The Louisiana Oil and Gas Association and the Louisiana Mid-Continent Oil and Gas Association bashed this settlement in no uncertain terms, and rightly so…
“This is just the latest chapter in the trial lawyers’ playbook to shakedown Louisiana oil and gas companies for legally conducting production activities, which were encouraged by state incentives and carried out under rigorous state and federal regulations many decades ago.”
“This misguided effort to go back in time and rewrite history amounts to an all-out legal attack on the entire regulatory framework through which oil and gas operations have been conducted for nearly a century. Regardless of how one company may choose to handle their case, LOGA, LMOGA and our members remain confident these claims will not stand up in federal court.”
“Unfortunately, while this divisive litigation drags on— potentially for decades— the uncertainty and unpredictability created by it will continue to drive jobs, workers, families, and investments away from Louisiana. For example, Lafayette and Houma, two communities that once thrived in the energy sector, are now suffering some of the largest job losses in the nation. Many factors influence investment decisions, including the price of oil, but there’s no question the increased litigation risk created by these meritless lawsuits is having a major impact. Enough is enough.”

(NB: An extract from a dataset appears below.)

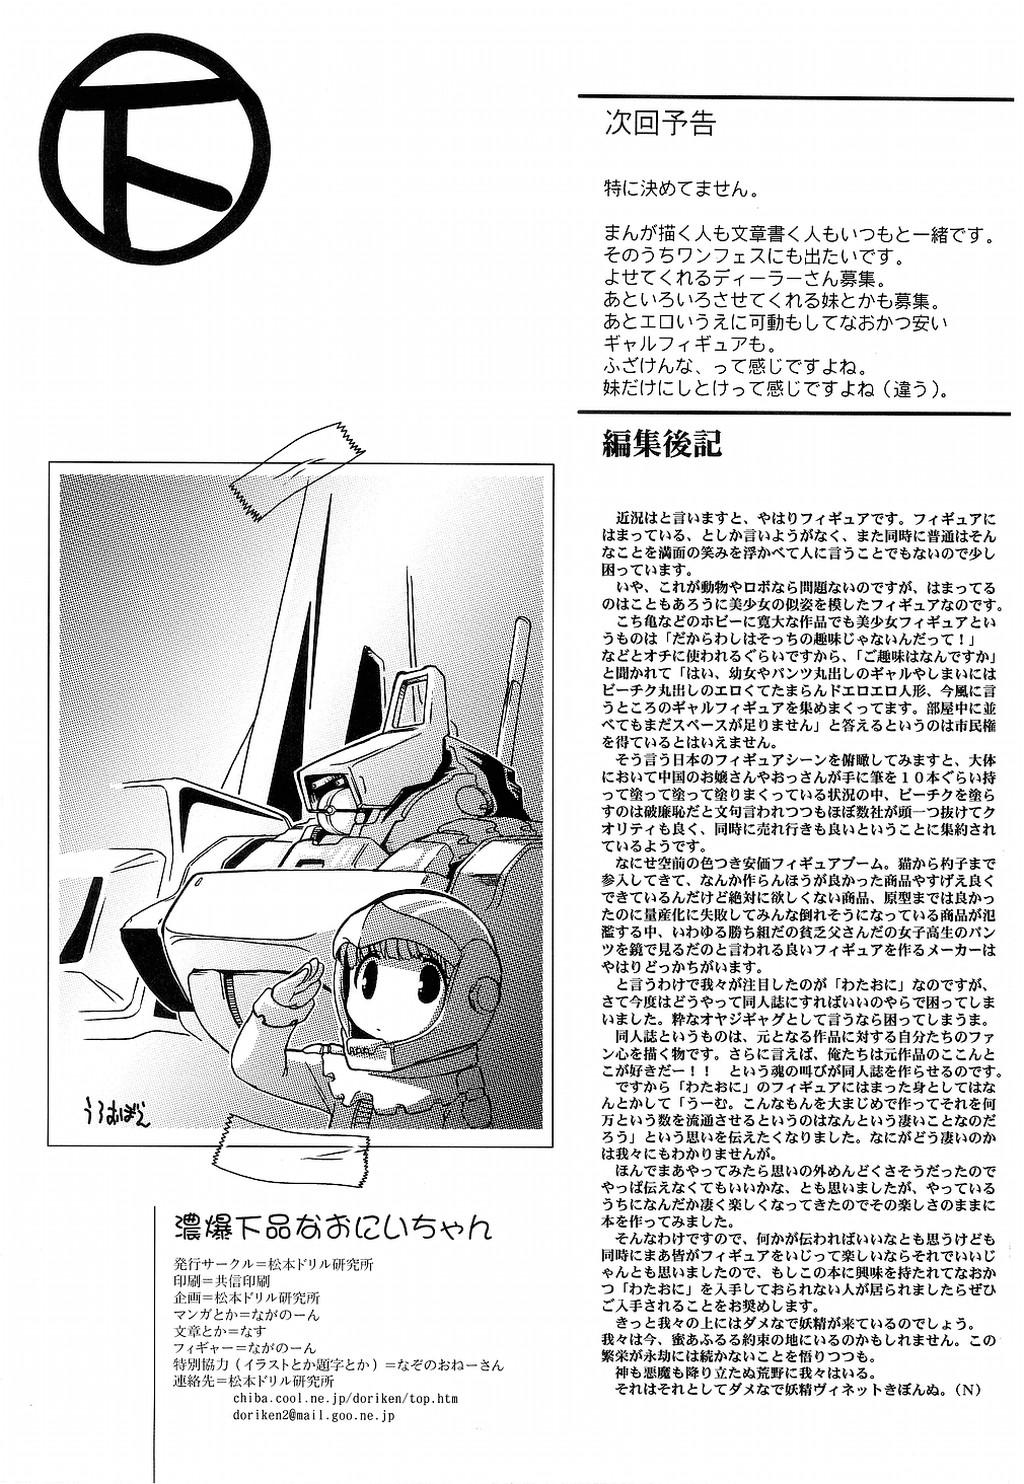 Girlnextdoor Noubaku Gehinna Onii-chan 1 - Shuukan watashi no onii-chan Hood - Page 35

“Litigation has been ongoing for years and is nowhere close to resolution. At the same time, this litigation threatens the future of the oil and gas industry in Louisiana, which has been a critical driver of job creation, tax revenue, and economic growth in the state. Revenues generated by oil and gas production also provide more than 30 percent of the state’s funding for coastal restoration and hurricane protection projects.”
“Rather than supporting these trial lawyer-invented permit lawsuits, state and local officials should be working with industry to support oil and gas production, which will create much-needed jobs and generate even more funding for our coast.”
That’s the take from the people in the industry who are committed to staying here and keeping those jobs for Louisiana folks.
But if John Bel Edwards is the governor for four more years, that could be a dwindling number of die-hards. Which is a scary reality the state’s voters are going to have to recognize.